O direito de exportação cria diferença entre o preço internacional e a receita do exportador. Parte dessa diferença tende a ser transmitida para trás, conforme elasticidades, estrutura de mercado e disponibilidade de destinos. O frigorífico pode reduzir preço do gado; o produtor ajusta retenção de matrizes, peso e investimento; fornecedores recebem menor demanda. Não é correto afirmar que toda alíquota recai em um único elo, mas também não é correto tratá-la como cobrança neutra sobre "renda externa".

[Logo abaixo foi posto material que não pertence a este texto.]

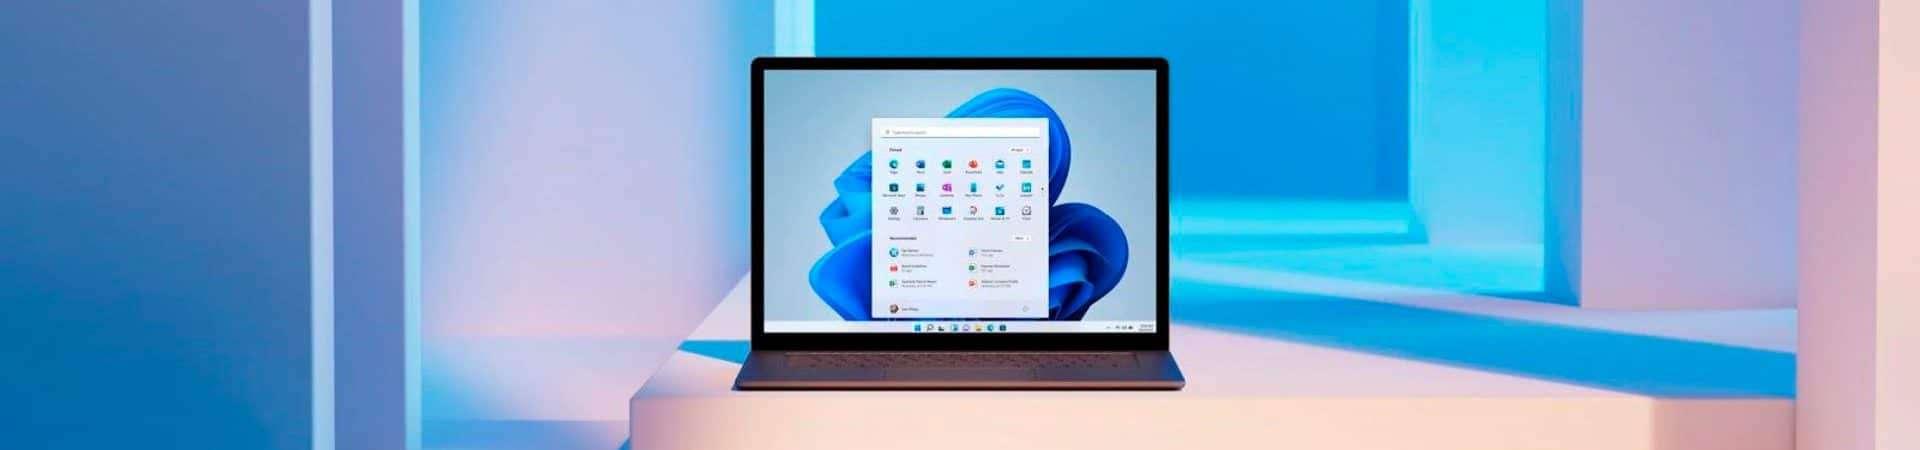 Windows 11 lançado pela Microsoft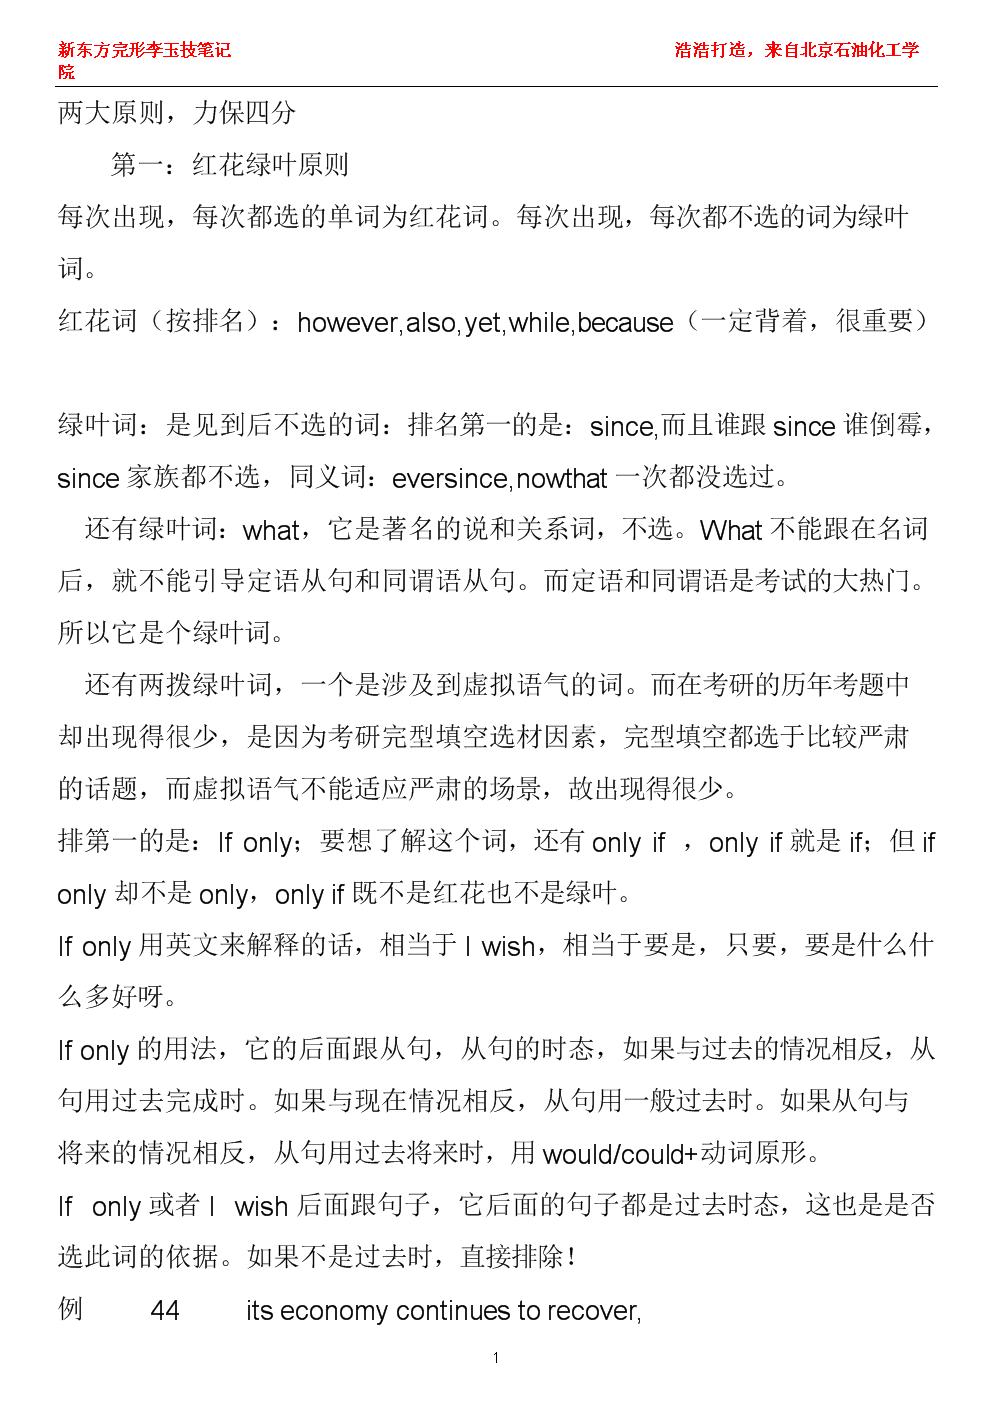 考研英语新东方李玉技完型填空笔记资料.doc

Sua incidência sobre valor FOB distingue-se do imposto sobre lucro. Mesmo quando a operação possui margem pequena, o tributo é calculado sobre a exportação. A elevação do preço internacional aumenta arrecadação, porém também pode elevar custos de reposição. Essa estrutura amplia risco e incentiva planejamento por classificação, composição e destino. O dever de precisão aduaneira cresce.

A justificativa de desacoplar preço doméstico e internacional merece exame. A carne é conjunto de cortes e subprodutos. Alguns itens possuem alta demanda externa e consumo local reduzido; impedir sua exportação não barateia necessariamente cortes populares. Ao reduzir valor total da carcaça, o tributo pode exigir preço maior nos demais itens para preservar operação ou pode reduzir pagamento ao produtor. A política precisa modelar o mix, não apenas tonelagem agregada.

Do ponto de vista jurídico, previsibilidade é tão importante quanto nível. Investimento pode suportar alíquota conhecida melhor que sucessivas mudanças. Decreto com vigência imediata sobre contratos e estoques rompe cálculo. Período de transição, anterioridade quando aplicável, consulta e publicação dos anexos em formato pesquisável reduzem custo sem retirar competência estatal.

A delegação do artigo 755 do Código Aduaneiro deve ser interpretada dentro dos artigos 4, 17, 75 e 76 da Constituição. A discussão sobre limites de delegação tributária exige considerar lei habilitante, bases e prazo. Este artigo não afirma invalidade abstrata; defende controle legislativo e judicial efetivo, motivação e respeito à propriedade. Preferência normativa não deve ser apresentada como descrição de sentença inexistente.

Uma eliminação gradual crível permite ajuste fiscal e produtivo. O cronograma pode estabelecer etapas automáticas, condicionadas apenas a indicadores objetivos previamente definidos. Condição discricionária anual reduz valor da promessa. Se superávit é requisito, a fórmula deve indicar fonte, período e autoridade certificadora. Transparência transforma objetivo político em expectativa verificável.

A desoneração deve alcançar simultaneamente restituição de tributos internos. Zerar direito e manter crédito fiscal acumulado não produz neutralidade. A autoridade tributária pode automatizar devolução com análise de risco e posterior auditoria. Fraude deve ser punida, mas não se deve presumir irregularidade de todo exportador. Capital retido impede compra de gado e concentra mercado.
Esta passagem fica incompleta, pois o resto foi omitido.